You may want to consider something that caches the pages as they are displayed. This will add overhead and doesn't scale, but would allow you to keep a copy of the pages as they were dispayed. You could atleast use it for a subset. For example you use JSPs to serve up pages from a DB but the resulting page is different depending on parms to the page. wget isnt' going to capture all of this, so when the page is generated you write it out with a timestamp ( you build some intellegence so the page only gets written once a month or something) then you archive all of the written out pages and you have a copy of the site as it appeared. Another reseason this may be a good idea is because if you upgrade somesoftware* (in this case Java) You will be able to the as it was rendered under Java 1.3.1 and not how it renders under 1.4.2. Finally if you turn this feature on while debugging, you can really help the developers out, b/c now instead of hearing from the users "My page didn't work, it was weird somehow" You actually have a copy of what was sent to thier browser.
downloading webpages by schnits0r · 2003-12-31 08:08 · Score: 1

I use teleport pro.

--

-------
Support Indy Music.

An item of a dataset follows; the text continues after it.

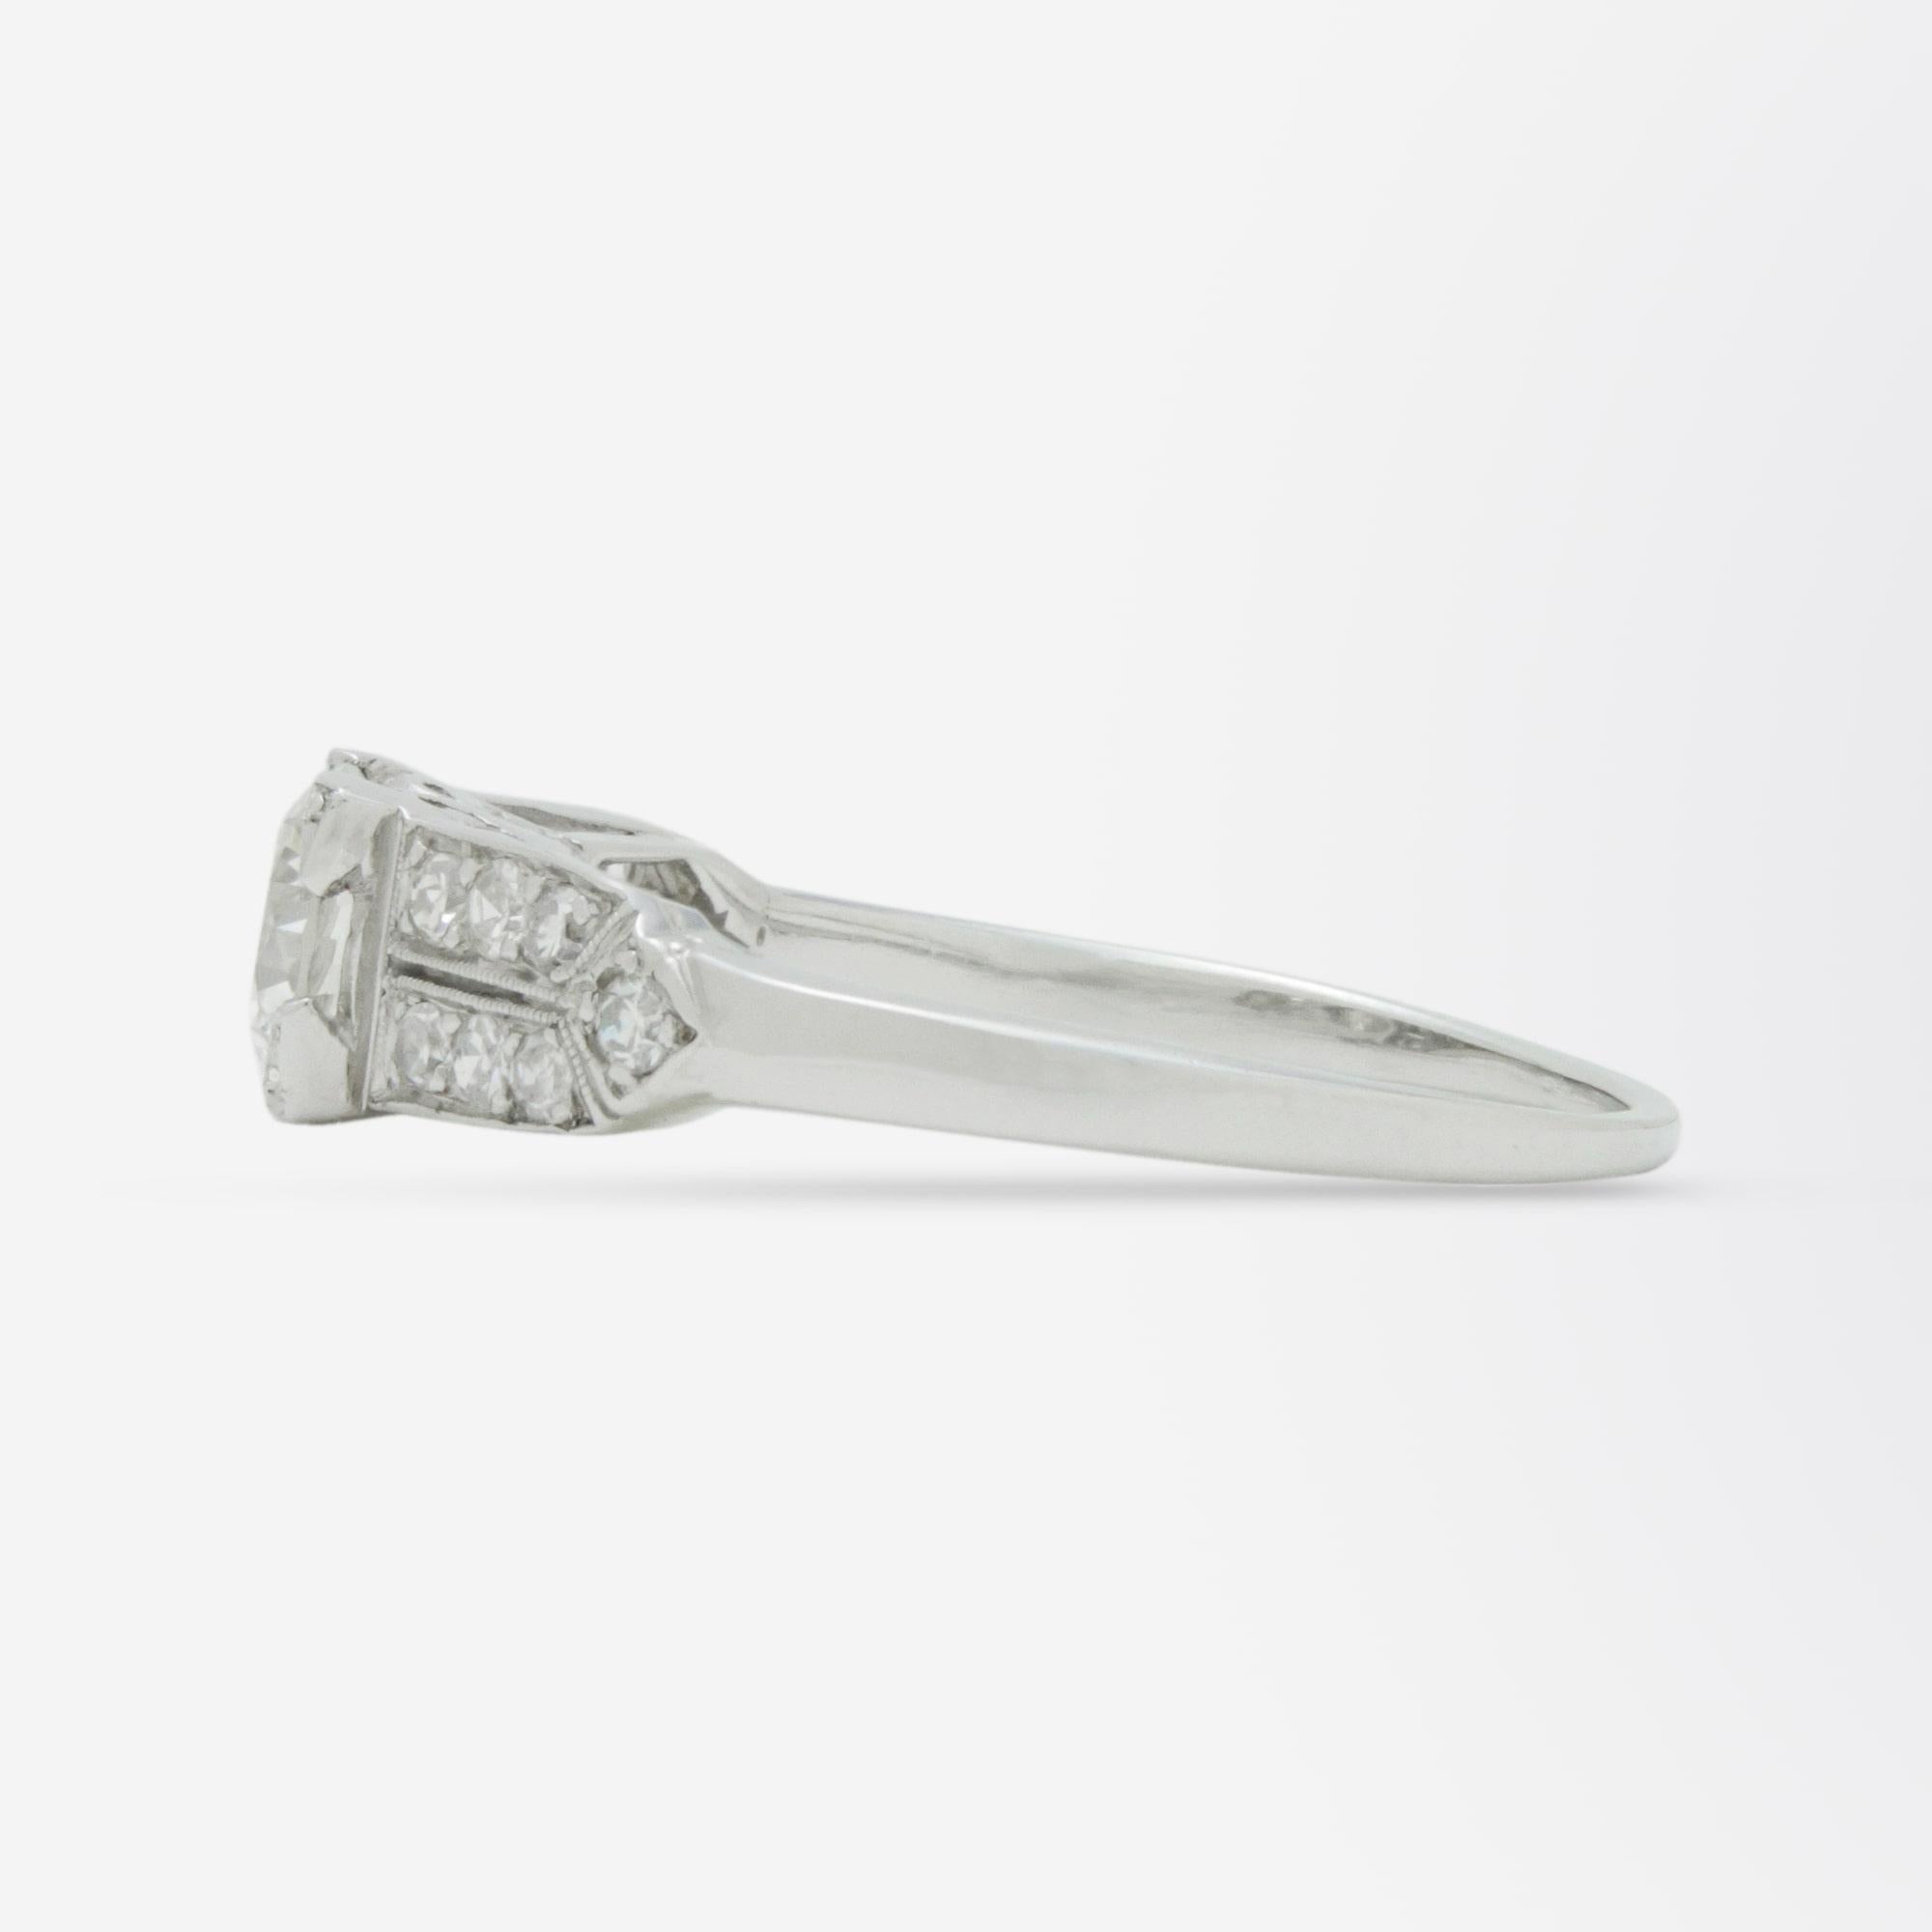 Brilliant Cut Platinum and Diamond Art Deco Style Ring

Buy
1. Re:downloading webpages by exhilaration · 2004-01-01 08:54 · Score: 1
  
  Teleport Pro: $40
Use the Archive's crawler by Danton · 2003-12-31 12:22 · Score: 2, Informative

How about using Heritrix, the Internet Archive's open-source, extensible, web-scale, archival-quality web crawler?

--
"Web Users Should Not Engage in Promiscuous Browsing" --CERT
1. Re:Use the Archive's crawler by gabe · 2004-01-01 06:50 · Score: 1
  
  From the FAQ:
  
  I need to crawl/archive a set of websites, can I use Heritrix?
  
  Eventually. For now, the crawler is still in early development, and only if you are comfortable grabbing code directly from CVS, wrestling with incomplete documentation, and running into undocumented limitations, would you want to use the current software.
  
  --
  Gabriel Ricard
webpage versioning by thatchman1 · 2004-01-01 16:48 · Score: 1

You could always extract the site with adobe acrobat and have a 'distilled' in tact, usable site in a single file.